• DATA BLOCK:
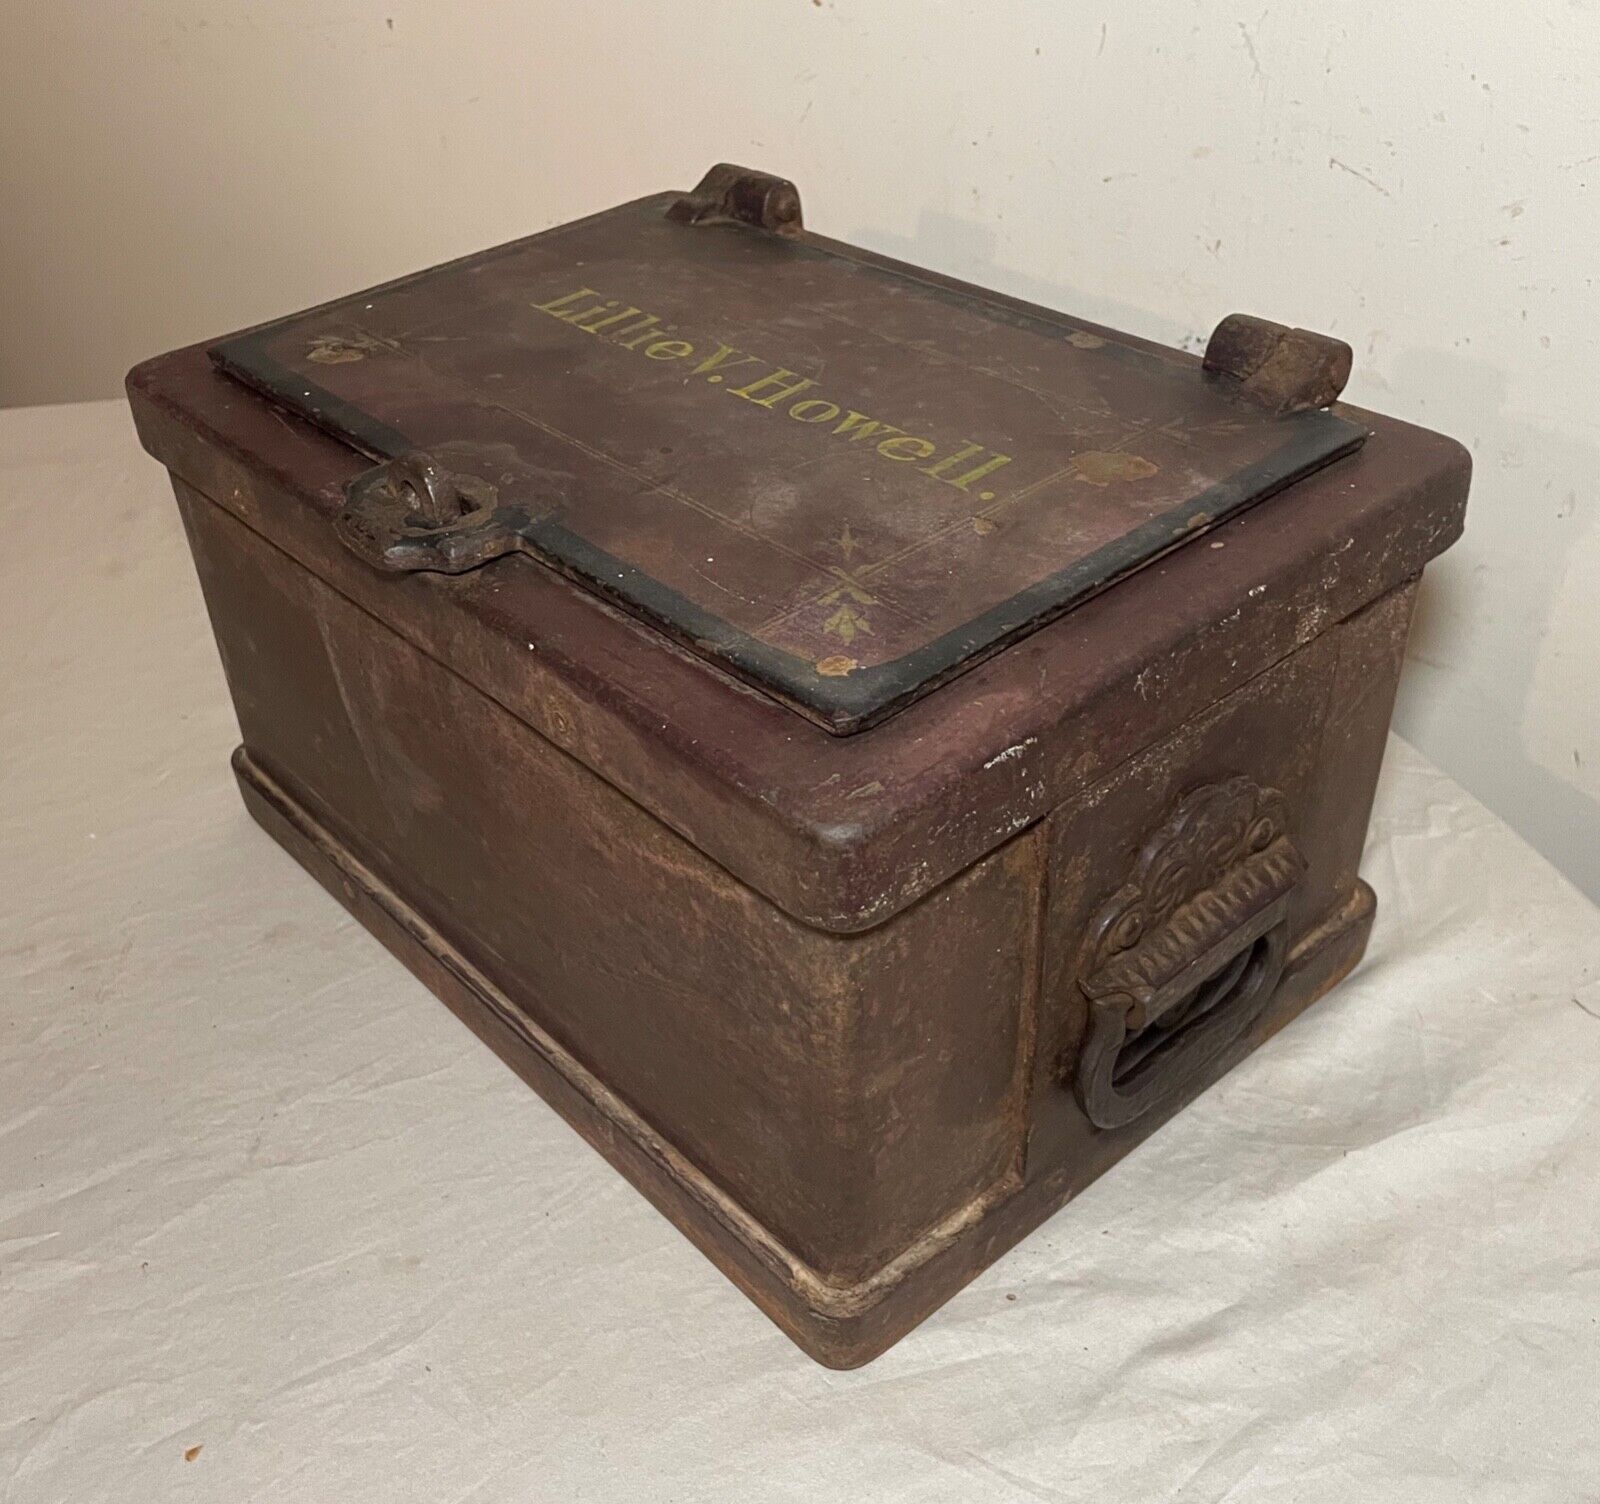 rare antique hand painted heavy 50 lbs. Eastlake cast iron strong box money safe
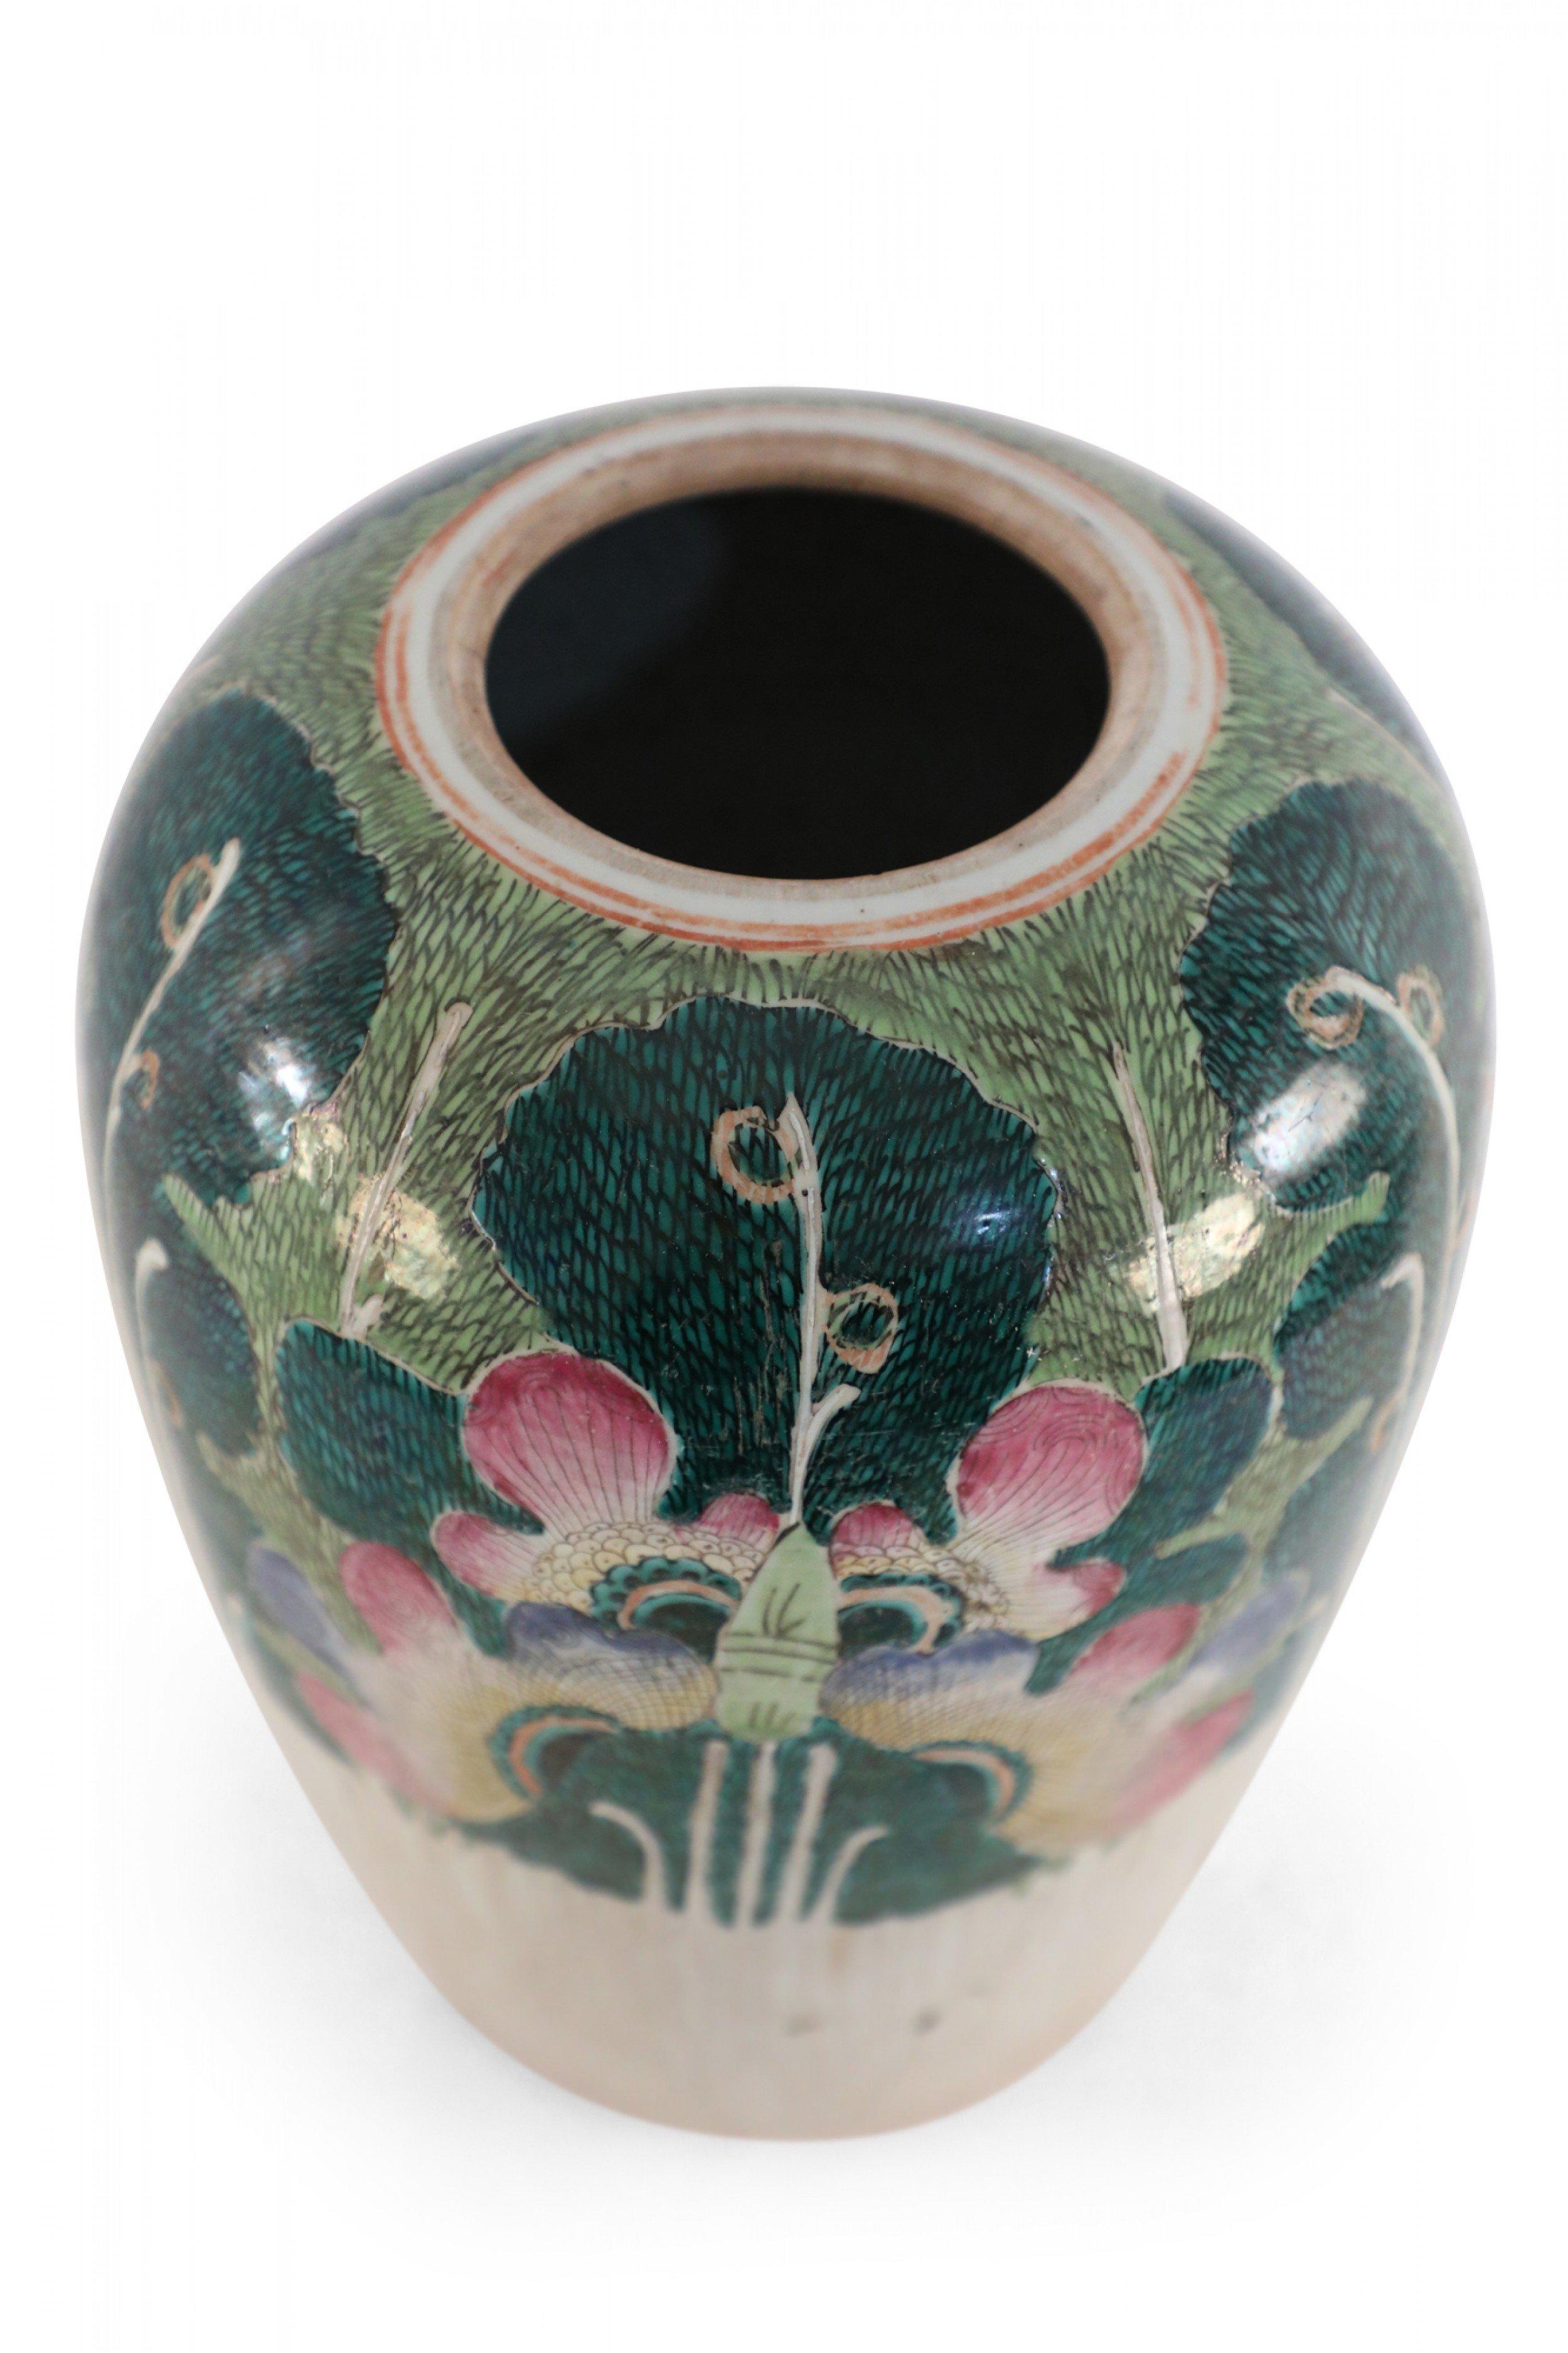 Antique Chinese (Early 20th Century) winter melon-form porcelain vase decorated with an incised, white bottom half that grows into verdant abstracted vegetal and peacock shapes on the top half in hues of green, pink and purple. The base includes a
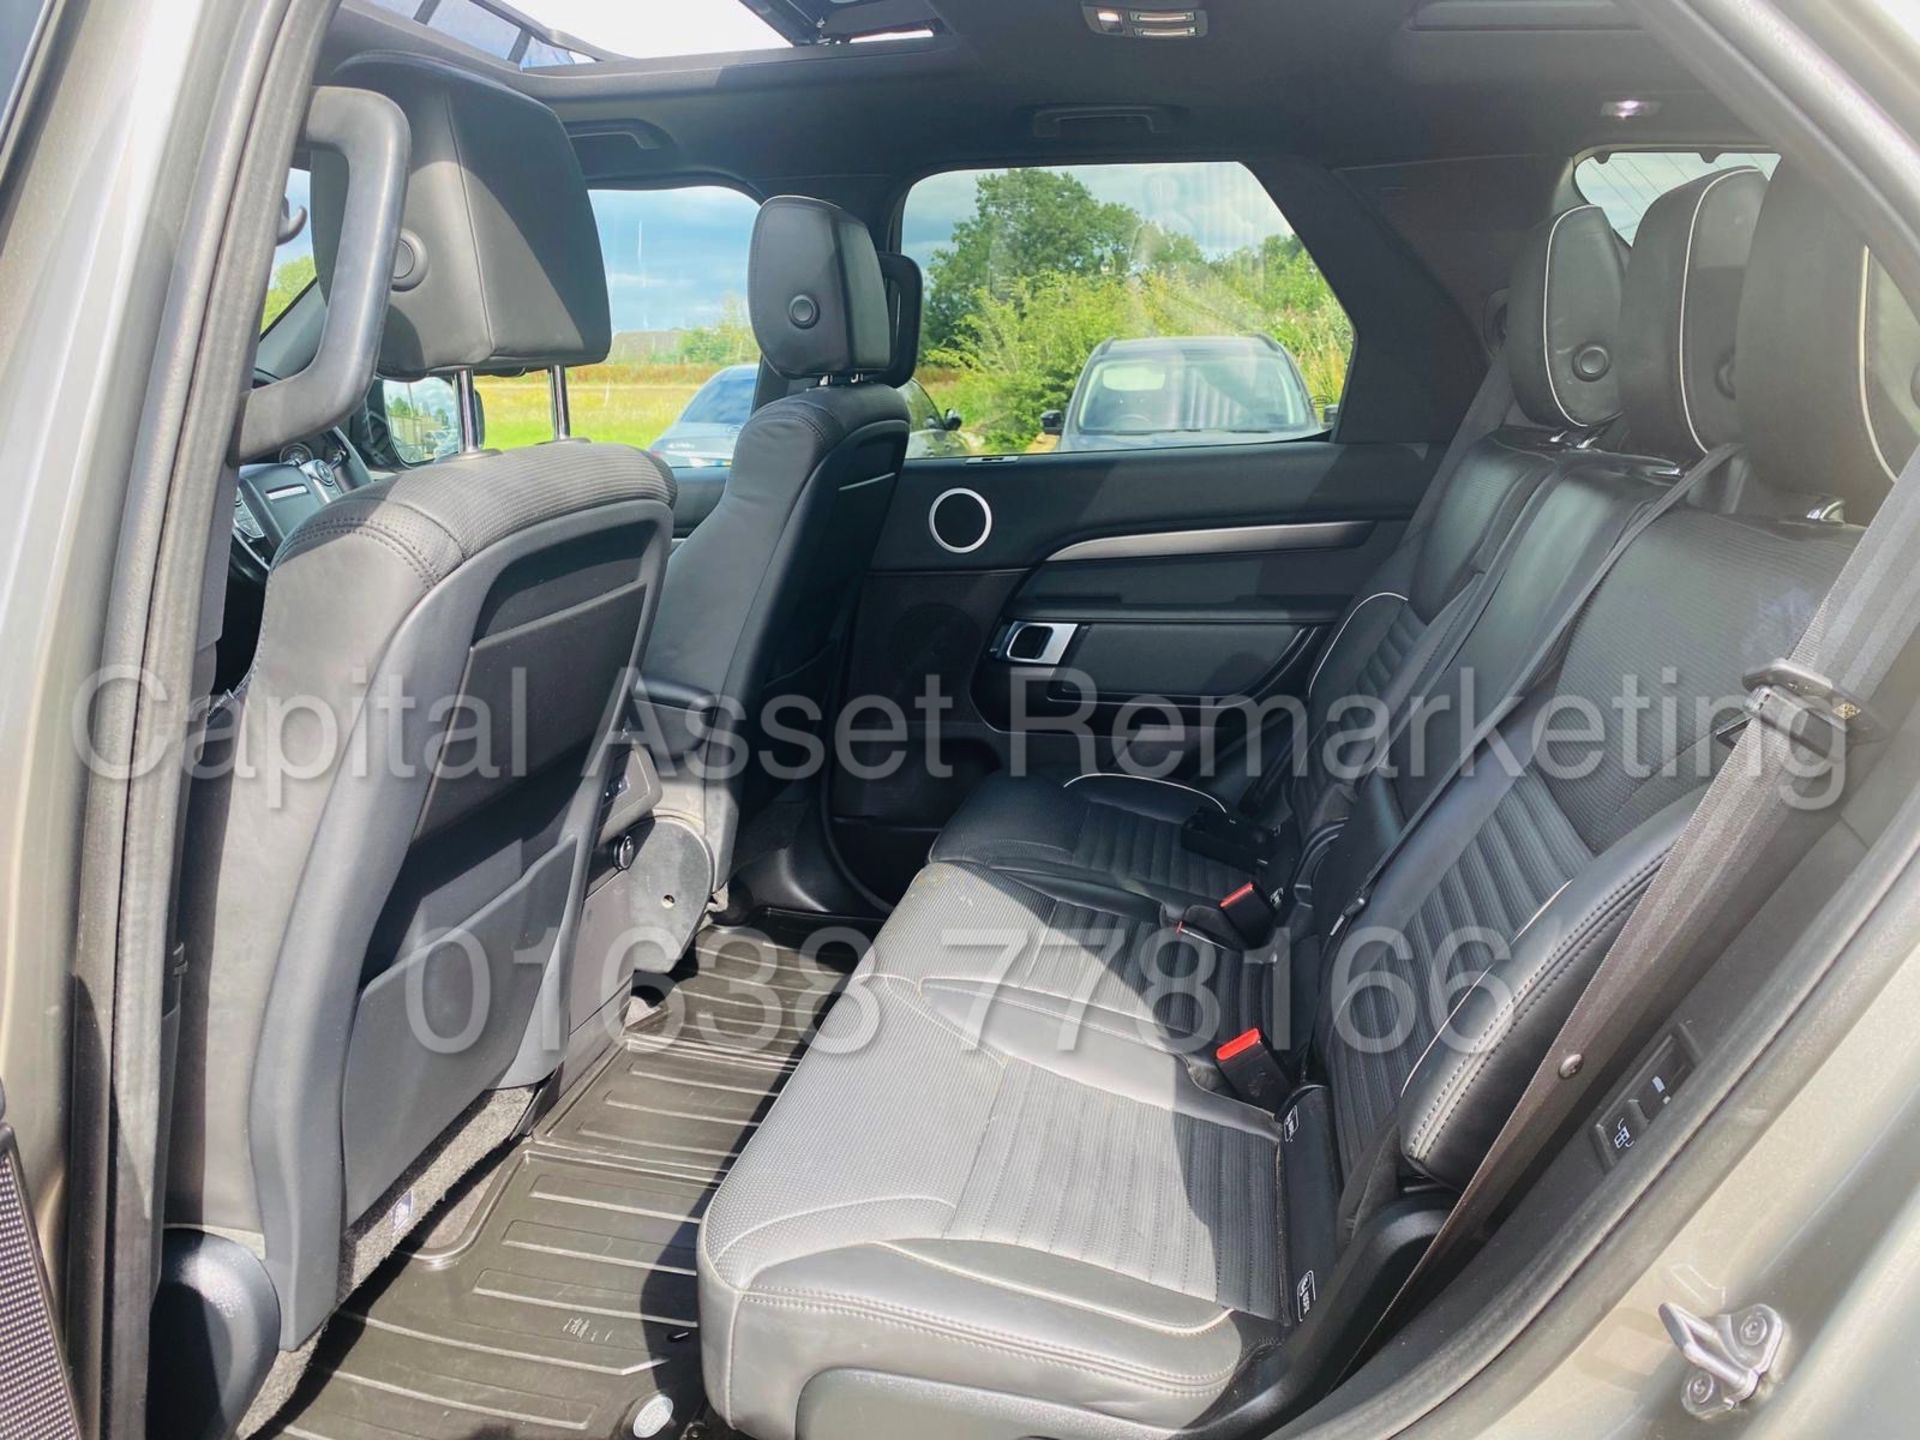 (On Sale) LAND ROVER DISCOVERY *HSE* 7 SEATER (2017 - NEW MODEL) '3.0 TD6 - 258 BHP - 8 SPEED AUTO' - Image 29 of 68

• WHAT IS BEING ASKED: Copy out the listing exactly as it stands, but not the pictures.

• RESPONSE:
 rare antique hand painted heavy 50 lbs. Eastlake cast iron strong box money safe
 Antique Chinese (Early 20th Century) winter melon-form porcelain vase decorated with an incised, white bottom half that grows into verdant abstracted vegetal and peacock shapes on the top half in hues of green, pink and purple. The base includes a
 (On Sale) LAND ROVER DISCOVERY *HSE* 7 SEATER (2017 - NEW MODEL) '3.0 TD6 - 258 BHP - 8 SPEED AUTO' - Image 29 of 68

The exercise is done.